* _What is being asked_
The listing below should be printed again word for word, without any images.

* _Data provided_
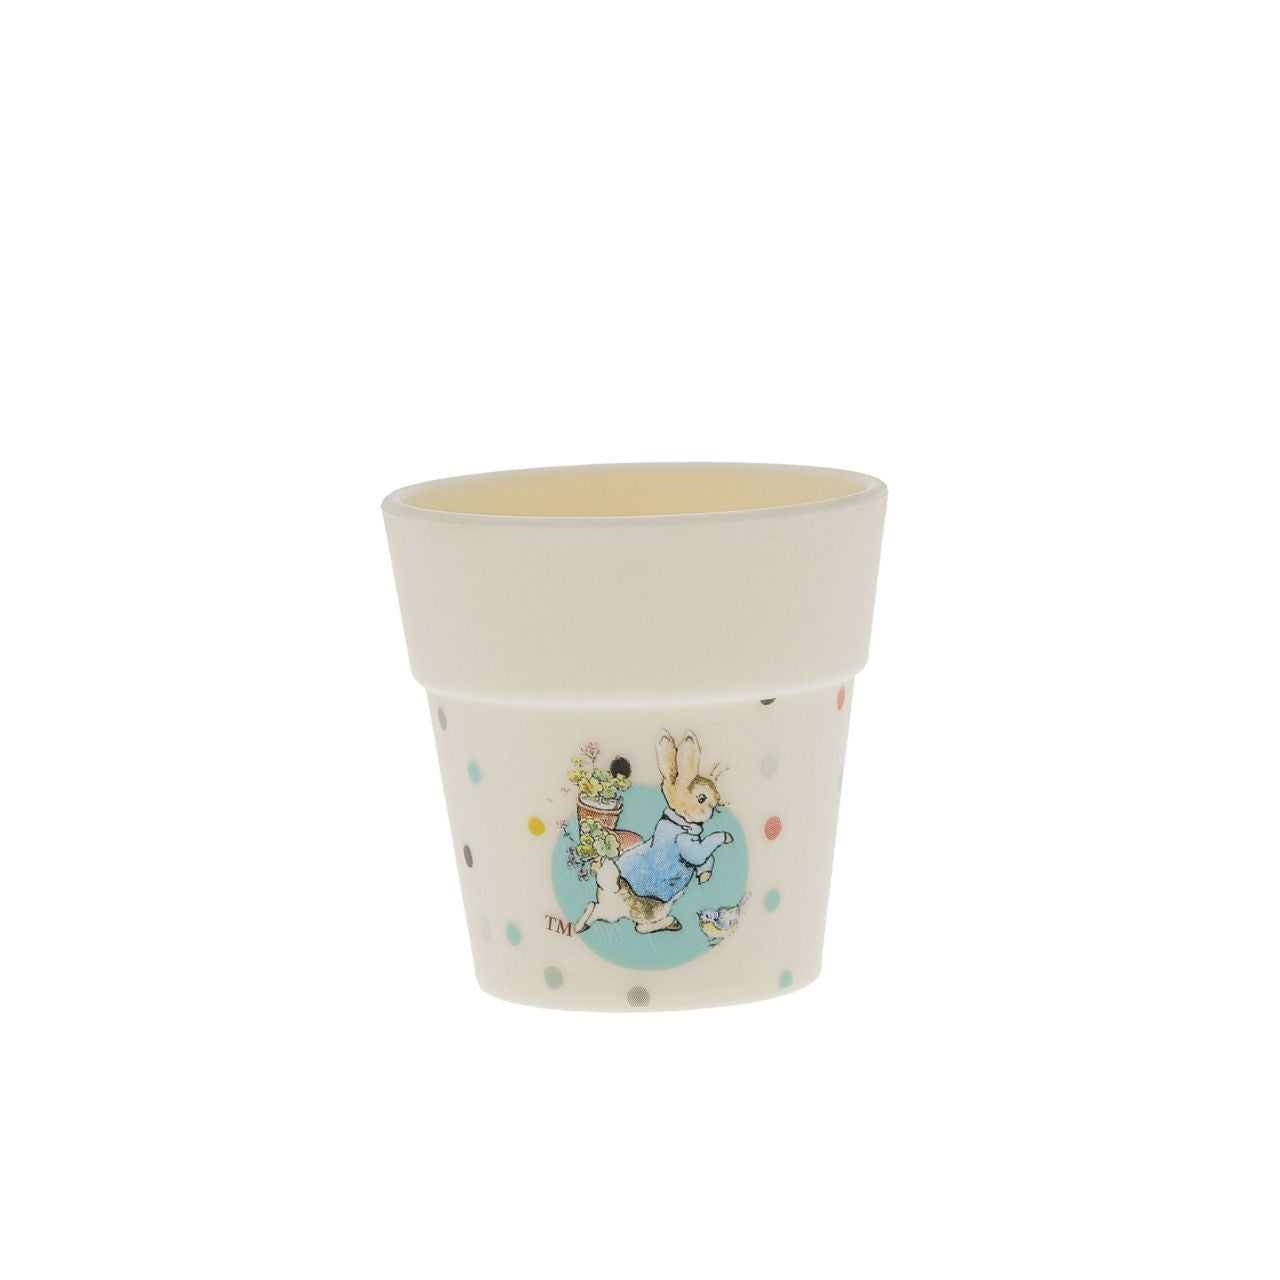 Peter Rabbit Egg Cup Set  Introducing this brand new at home with Peter Rabbit collection. There's nothing quite like a fun Peter Rabbit motif to entice those little tummies to clear their plates. Make mealtimes fun and practical with this egg cup set. Highly durable and can be used at home, in the garden, or on the go.
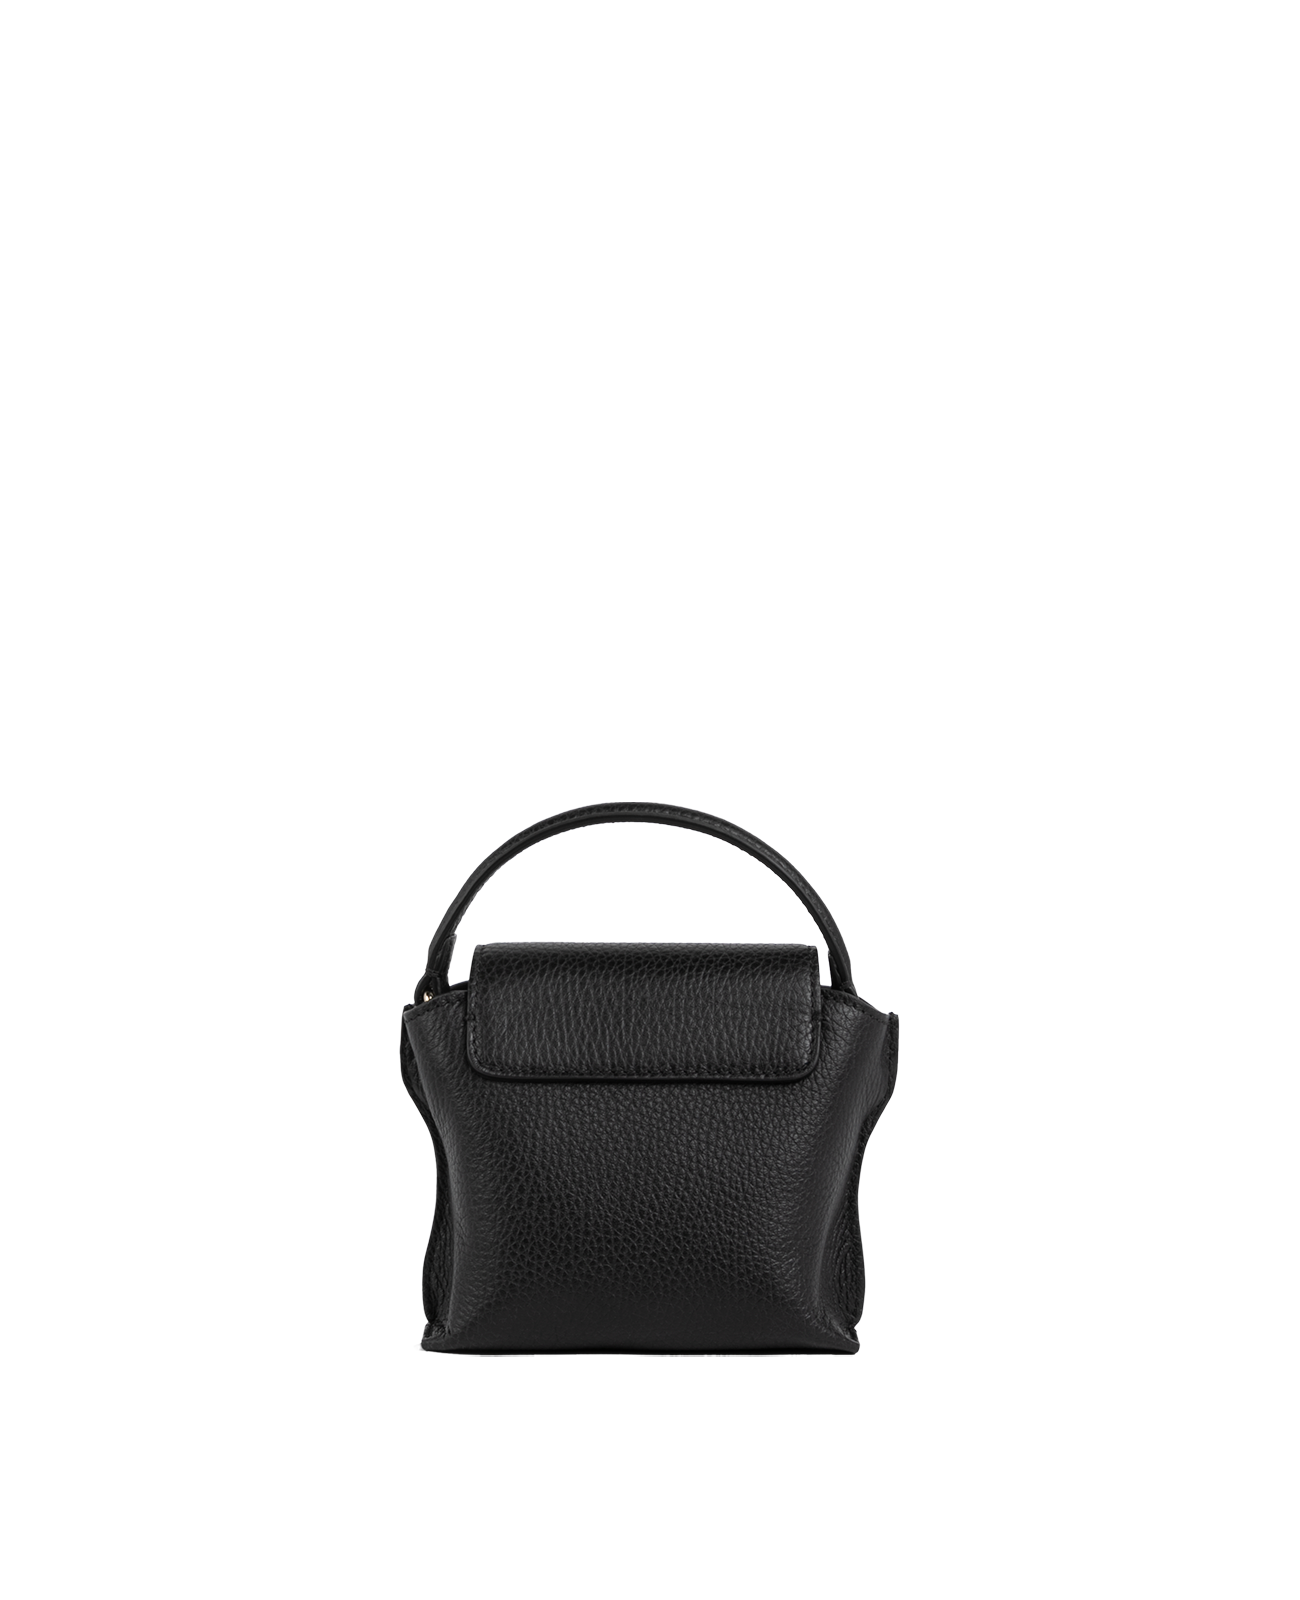 Cross-body bag in Italian full-grain leather, semi-aniline calf Italian leather with detachable shoulder strap.Three compartments, zip pocket in the back compartment. Magnetic flap closure with logo. Color: Black. Size:Mini
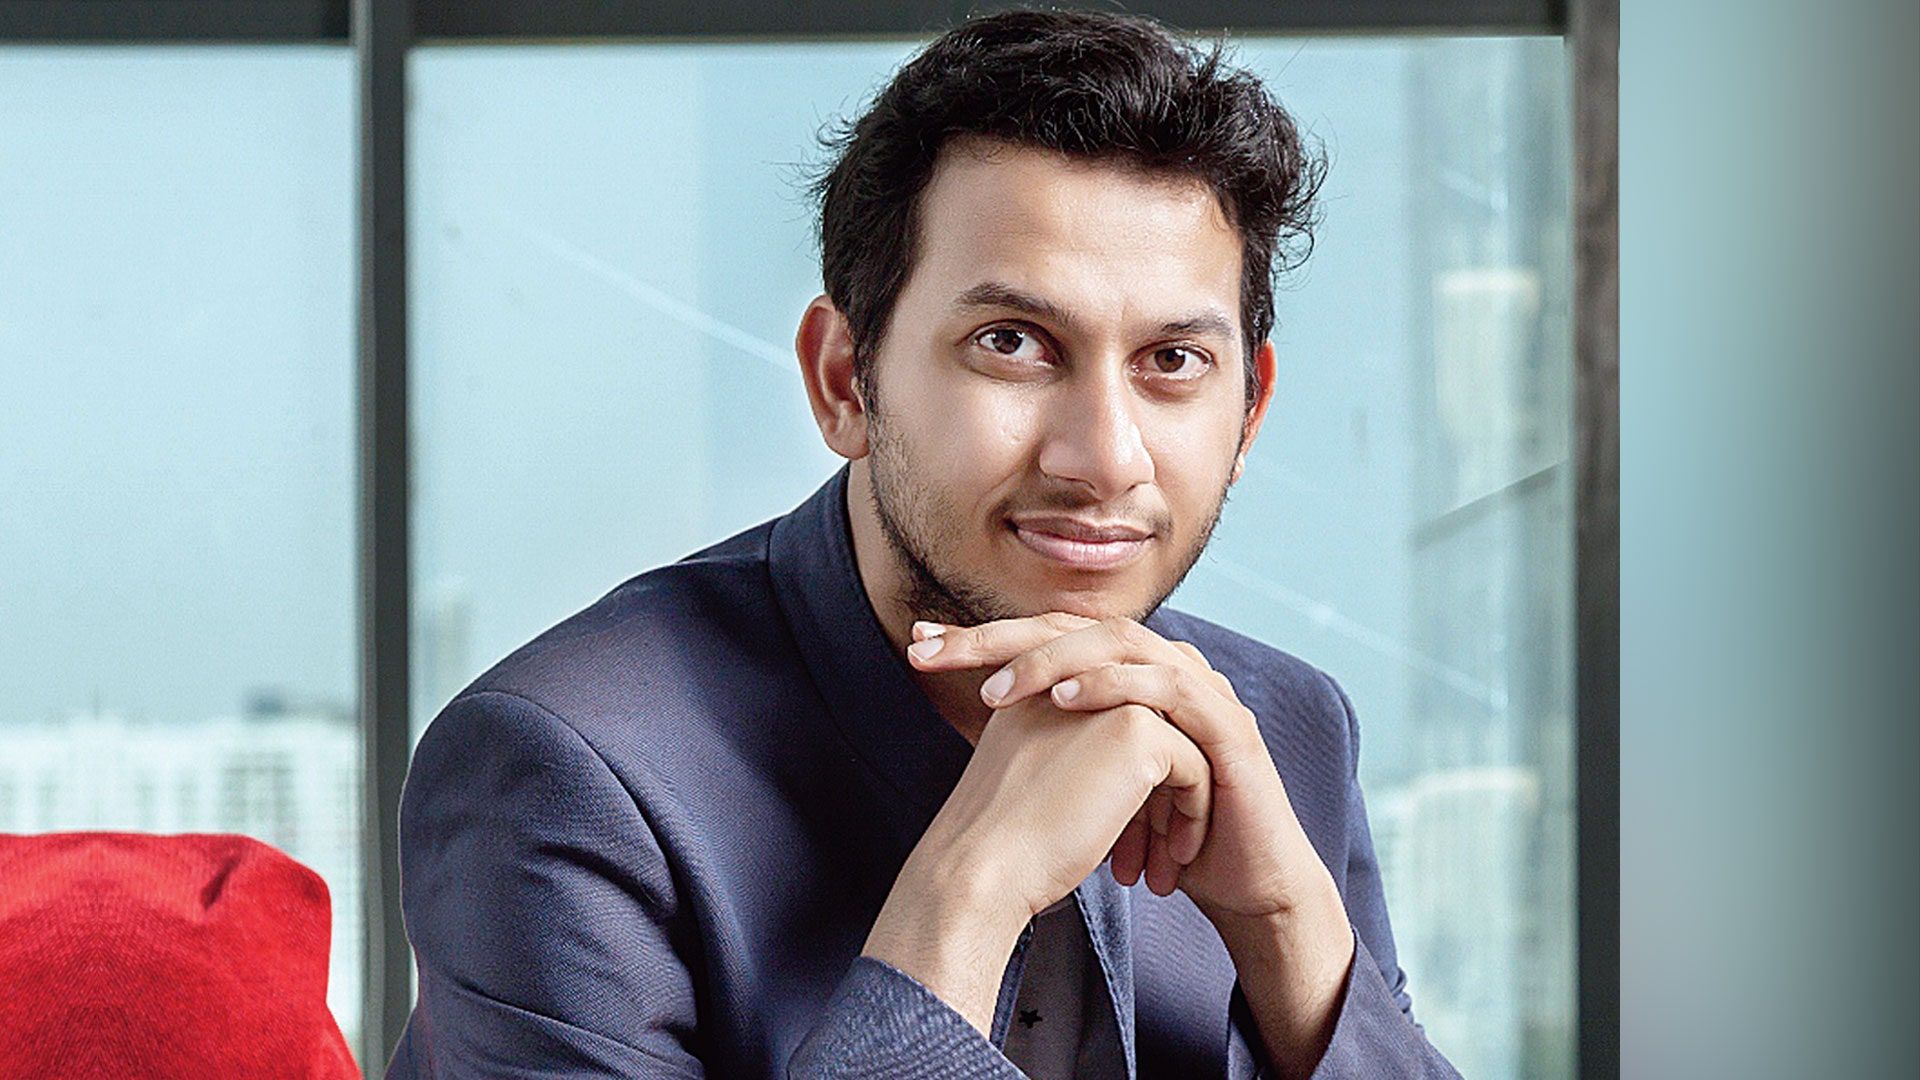 Things To Know About India's Youngest Self Made Billionaire, Ritesh Agarwal With A Net Worth Of Rs 877 Crores

* _Written solution_
 Peter Rabbit Egg Cup Set  Introducing this brand new at home with Peter Rabbit collection. There's nothing quite like a fun Peter Rabbit motif to entice those little tummies to clear their plates. Make mealtimes fun and practical with this egg cup set. Highly durable and can be used at home, in the garden, or on the go.
 Cross-body bag in Italian full-grain leather, semi-aniline calf Italian leather with detachable shoulder strap.Three compartments, zip pocket in the back compartment. Magnetic flap closure with logo. Color: Black. Size:Mini
 Things To Know About India's Youngest Self Made Billionaire, Ritesh Agarwal With A Net Worth Of Rs 877 Crores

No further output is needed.